The ability to cover up fraud would require two main things: absence of a paper trail that could be tallied against the electronic count and secrecy of the computer code that runs the system. Both apply to the systems used in Ohio.
If there has been voter fraud in Ohio, we will never know unless someone confesses. And this is the point: We must adopt voting systems whose software code is publicly visible, and whose results can be verified.
All computer-based financial systems operate this way, using well-known encryption algorithms (whose security does not depend on the code being secret or proprietary) and audit systems that can detect discrepancies.

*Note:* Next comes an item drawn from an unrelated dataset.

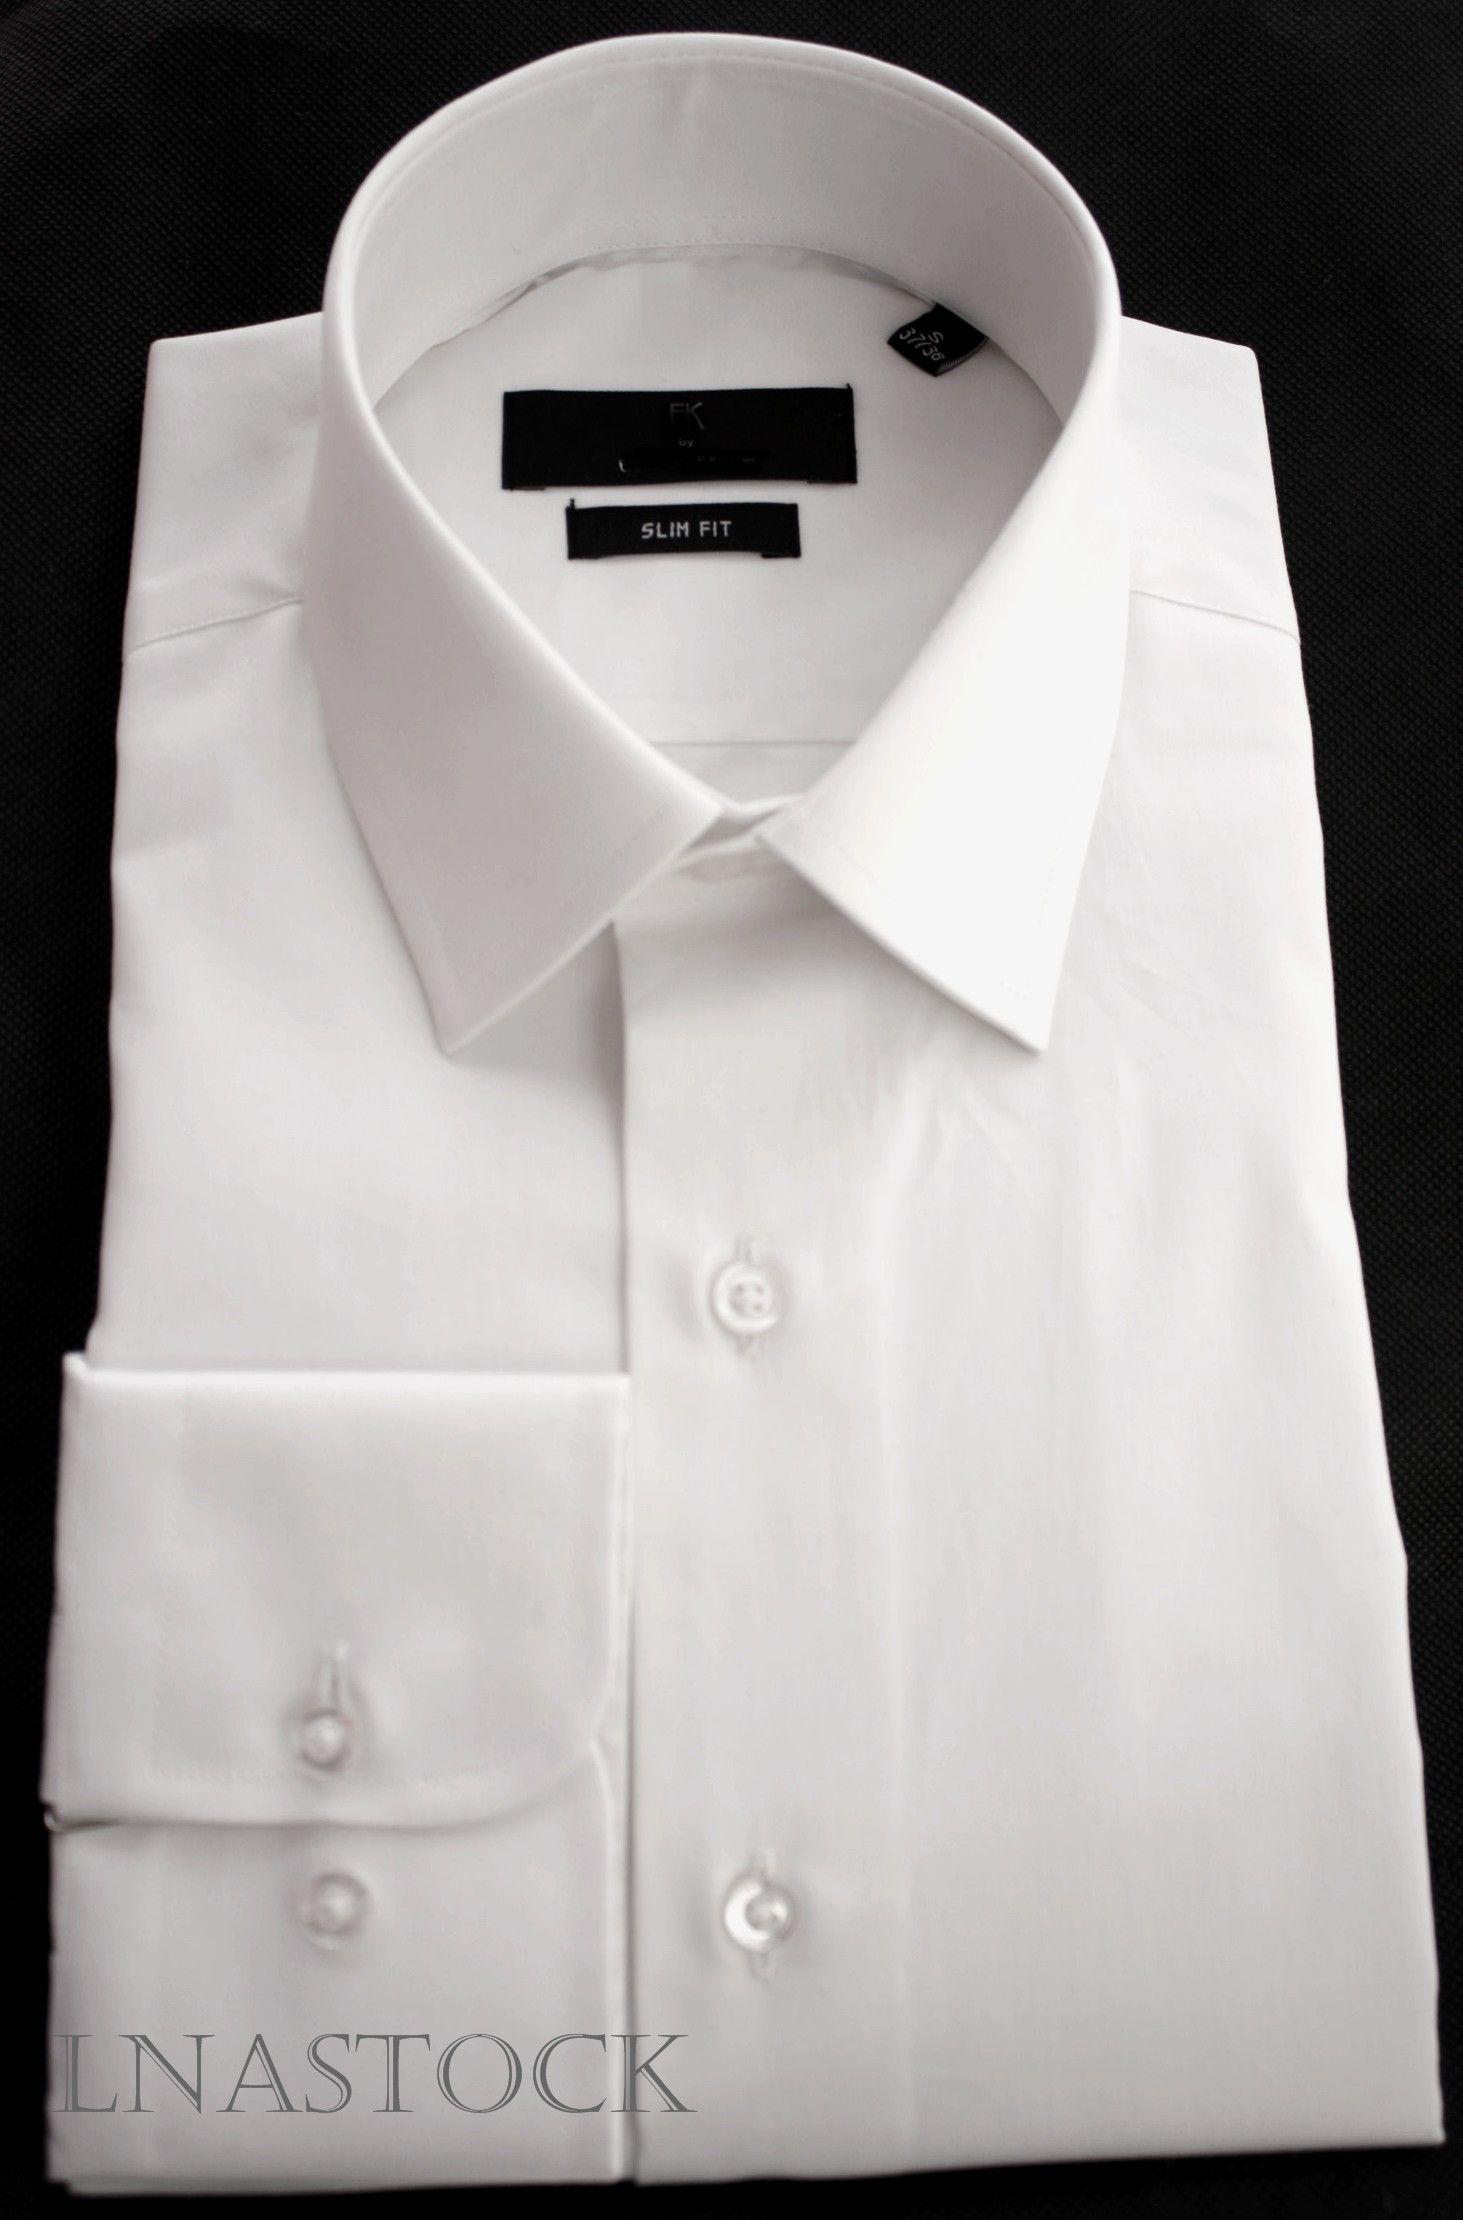 Chemise blanche cintrée pur coton - LNASTOCK   Les chemises blanches ... 506647495005

I would like my elections to be at least as secure as my financial transactions. There is absolutely no reason not to make them so, and it should be done before the next election.
John H. Parodi
The Dec. 21 article, "North Korea's Nukes: advanced, but not hidden," states that at least nine nuclear bombs may be available. North Korea has demonstrated its ability to deliver these bombs by actual missile tests in the Pacific as well. Does that mean that Pearl Harbor, Hawaii, and American cities on the Pacific coast are vulnerable? (Who says that we don't repeat our own history?) Our latest antirogue missile-defense tests have failed.
Are Russia and China delaying their pressure against North Korea because a damaged United States would enhance their power in the world? These are the threats we should be doing something about immediately. Our preoccupation with Iraq hides a more extreme and present danger.